> _Exercise directions_
Only the lines below between the one holding "Goldfischbecken, Porzellan heller" and the one holding "DORFLADEN. NUM 19.", inclusive, are to be reproduced word for word; the pictures are to be left out.

> _Material for the task_
- - - -

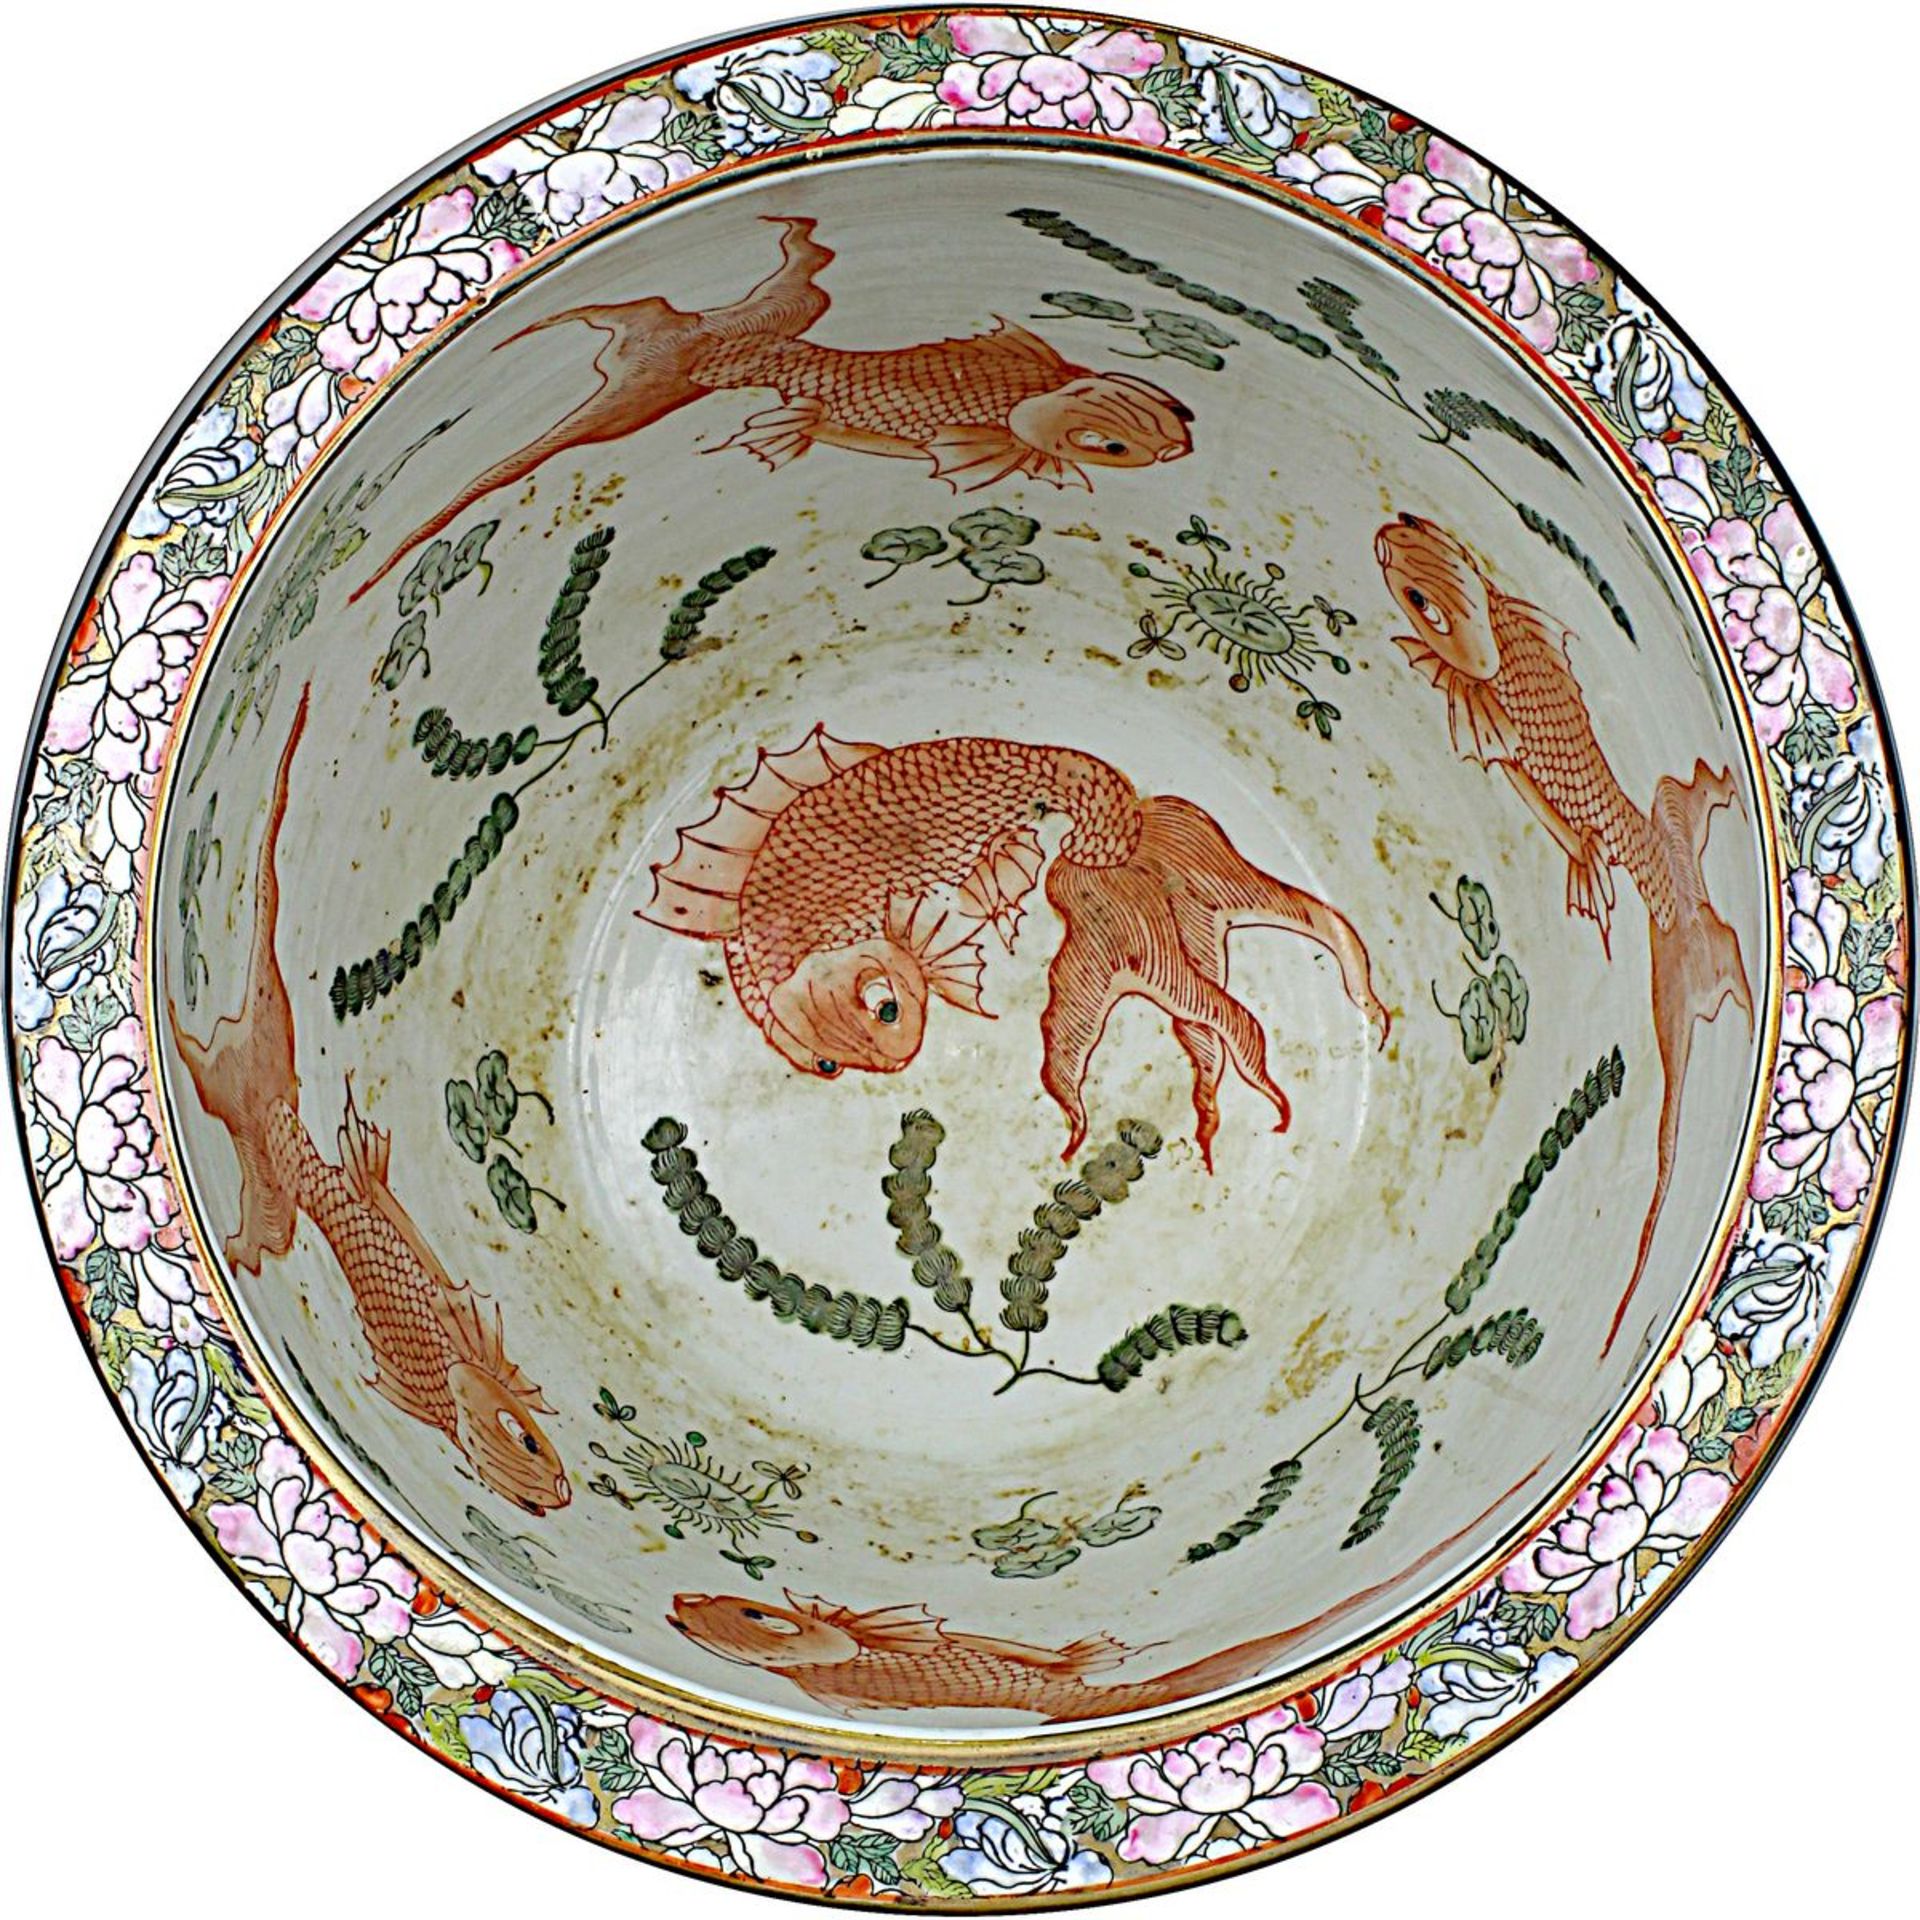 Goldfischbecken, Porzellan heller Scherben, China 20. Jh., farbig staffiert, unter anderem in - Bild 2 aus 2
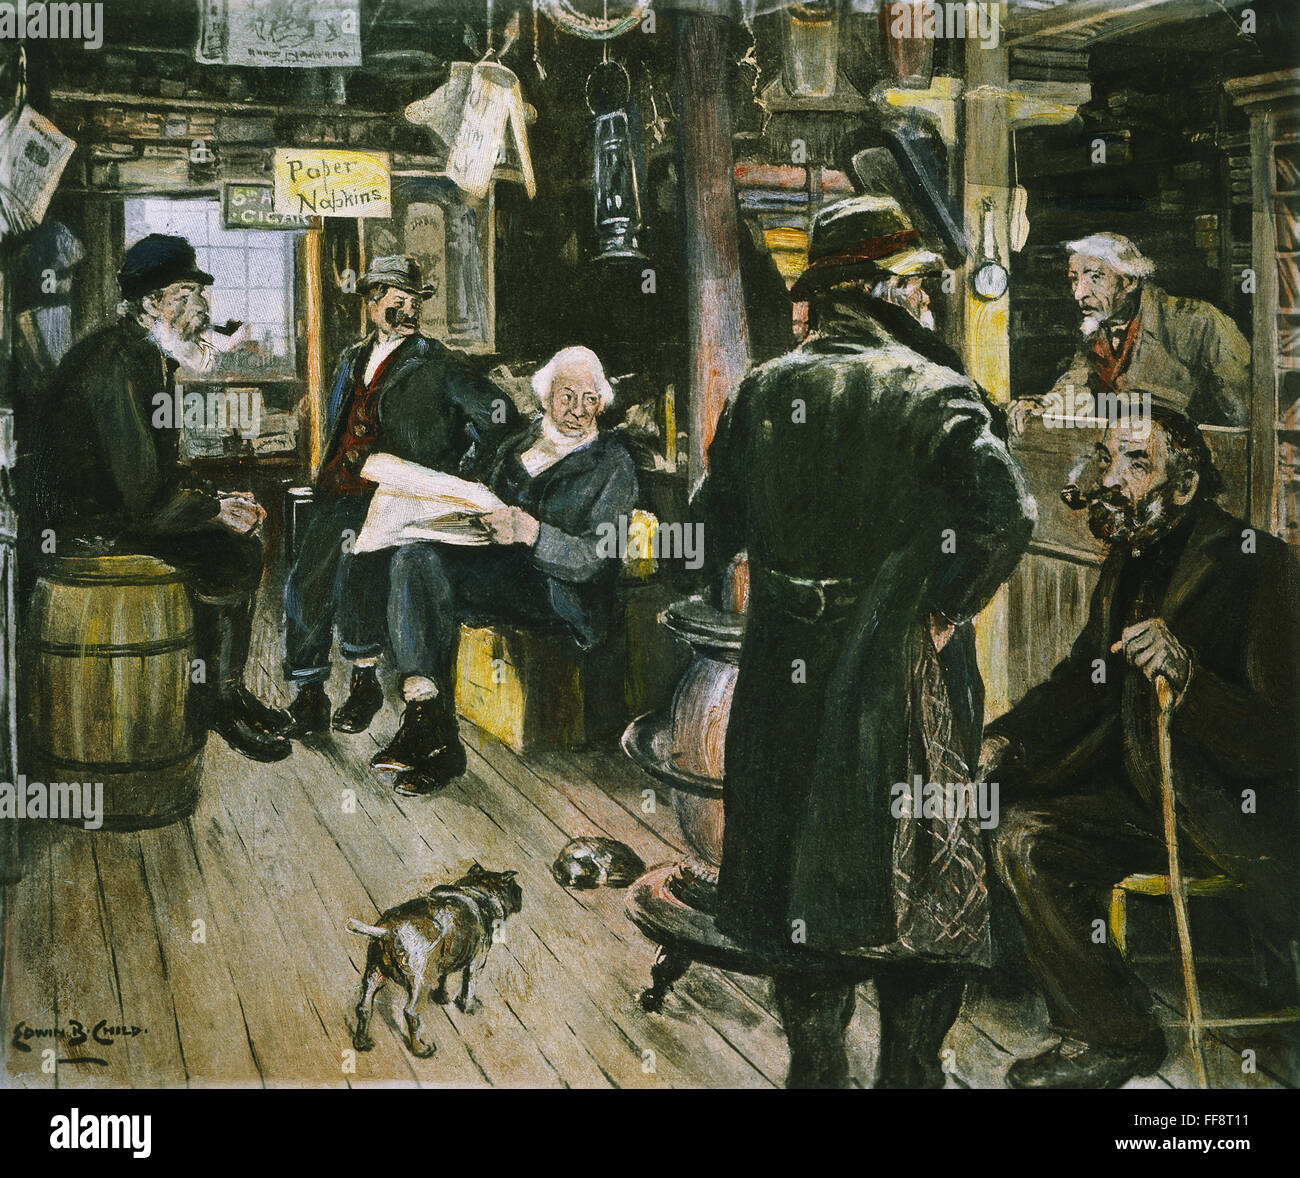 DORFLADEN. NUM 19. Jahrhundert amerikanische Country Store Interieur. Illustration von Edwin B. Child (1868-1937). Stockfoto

- - - -

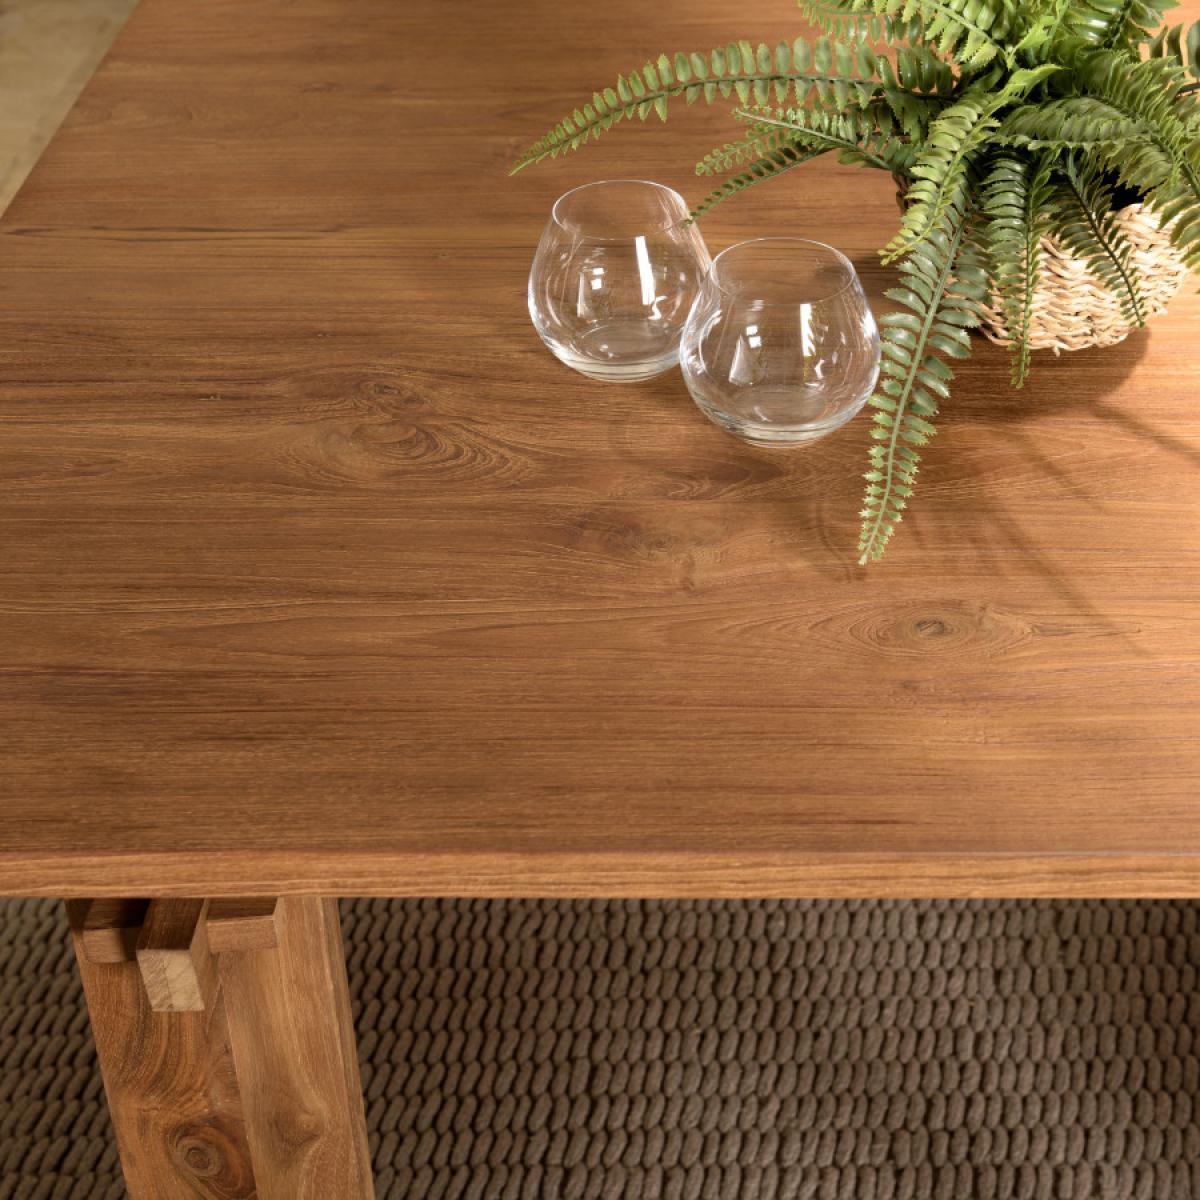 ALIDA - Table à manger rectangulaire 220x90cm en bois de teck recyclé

- - - -

> _Task result_
 Goldfischbecken, Porzellan heller Scherben, China 20. Jh., farbig staffiert, unter anderem in - Bild 2 aus 2
 DORFLADEN. NUM 19. Jahrhundert amerikanische Country Store Interieur. Illustration von Edwin B. Child (1868-1937). Stockfoto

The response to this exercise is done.